Scallops with lime and peanut risotto

11 September 2006
Scallops with lime and peanut risotto

Ingredients
(serves four)

12 diver-caught scallops
Star anise powder, dusting to taste for scallops

For the risotto 2 shallots, brunoise
1 clove garlic, smoked
15ml sesame oil
60g vialone nano risotto rice
250ml shellfish or satay stock
1 lime, juice and zest
Coriander, roughly chopped
30g butter
25g smooth peanut butter

For the dressing 1 egg yolk
10ml lime juice
50ml peanut oil
30g satay paste
Salt and pepper

For the straws 50g puff paste
10g satay paste

For the salad Picked curly endive
Picked coriander
Coriander oil

Method

Remove scallops from their shell. Clean, wash and dry. To make the risotto, soften shallots and garlic in sesame oil, add the rice and coat in oil. Gradually add the stock until it is fully absorbed. Finish with the lime, coriander, butter and peanut butter.
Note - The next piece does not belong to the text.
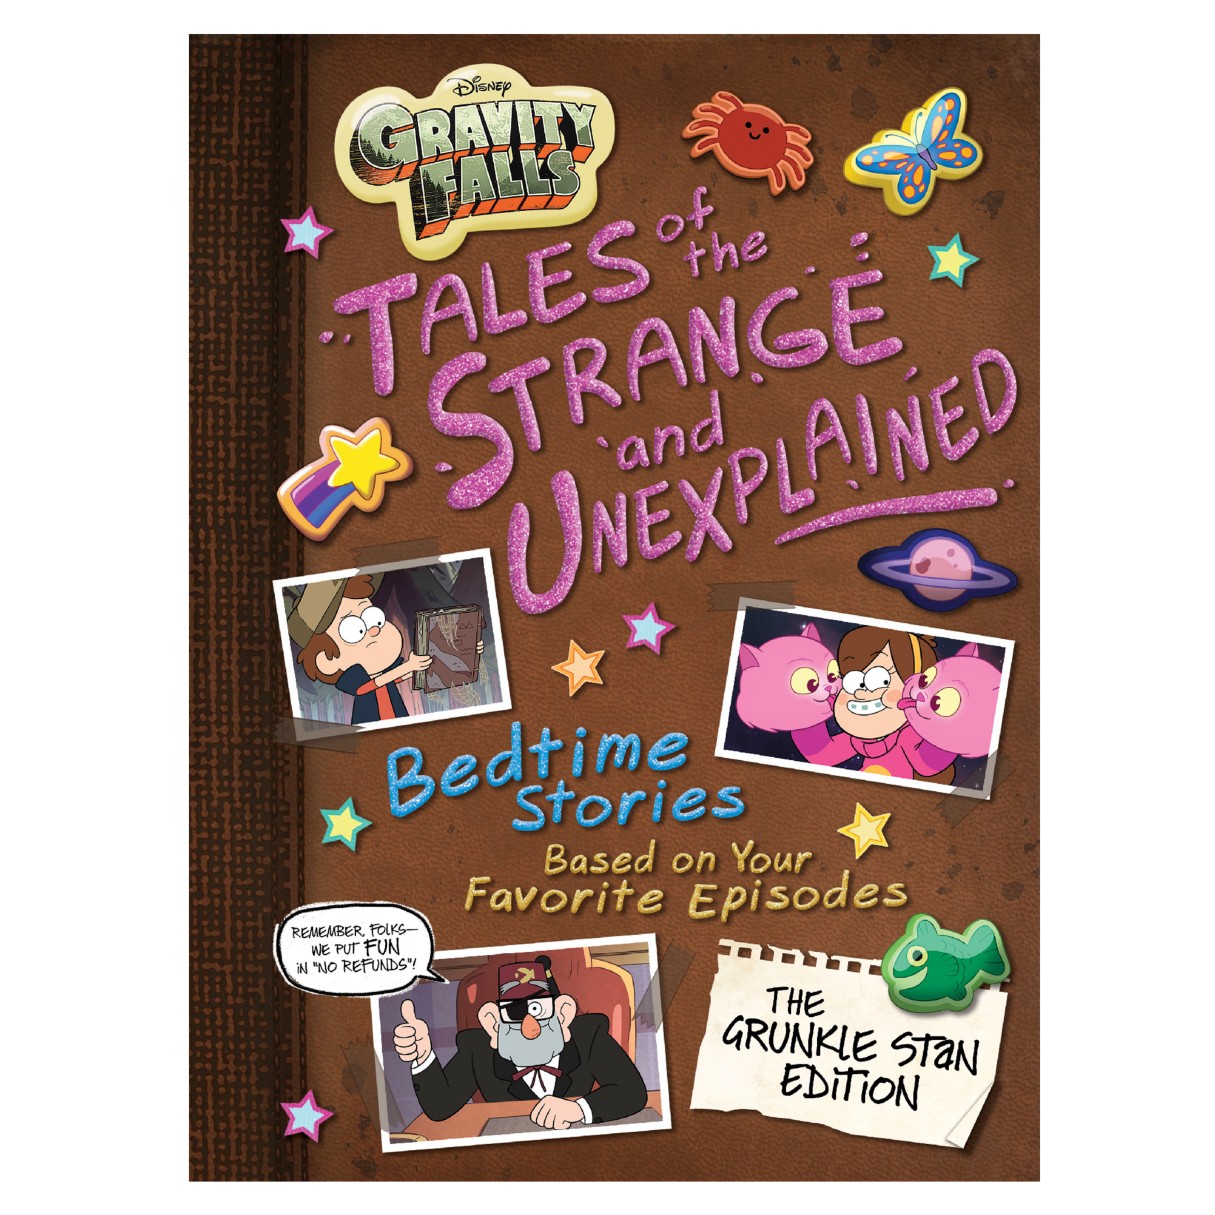 Gravity Falls: Tales of the Strange and Unexplained Book
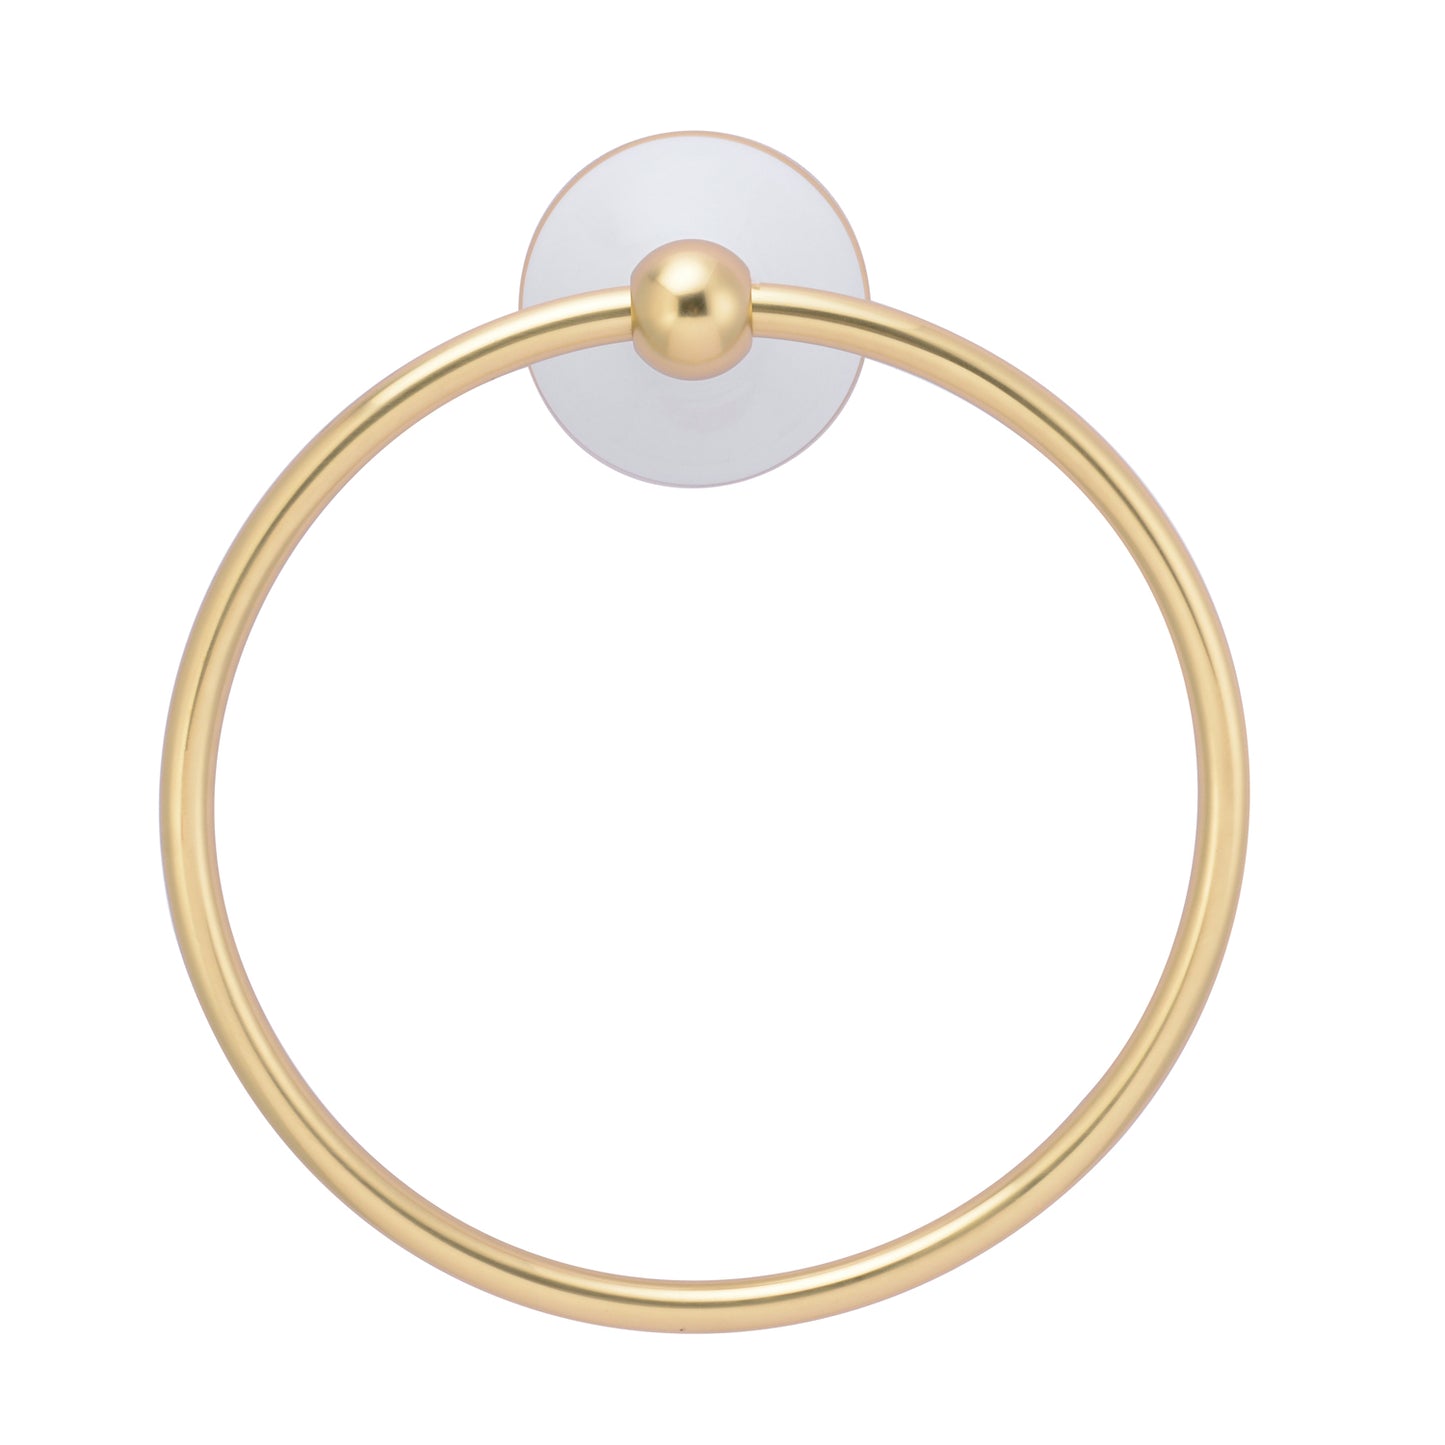 Anja Towel Ring in Antique Brass

To make the dressing, place the egg yolk in a bowl over a bain-marie with lime juice, and whisk to sabayon. Gradually add the peanut oil, then finish with satay paste. Season.

To make the straws, roll out the puff paste, spread the satay paste over it and fold into three. Refrigerate until hard. Roll out again, cut into strips and twist together the strands to make straws. Bake until golden.

Mix salad at the last minute and assemble dish as pictured above.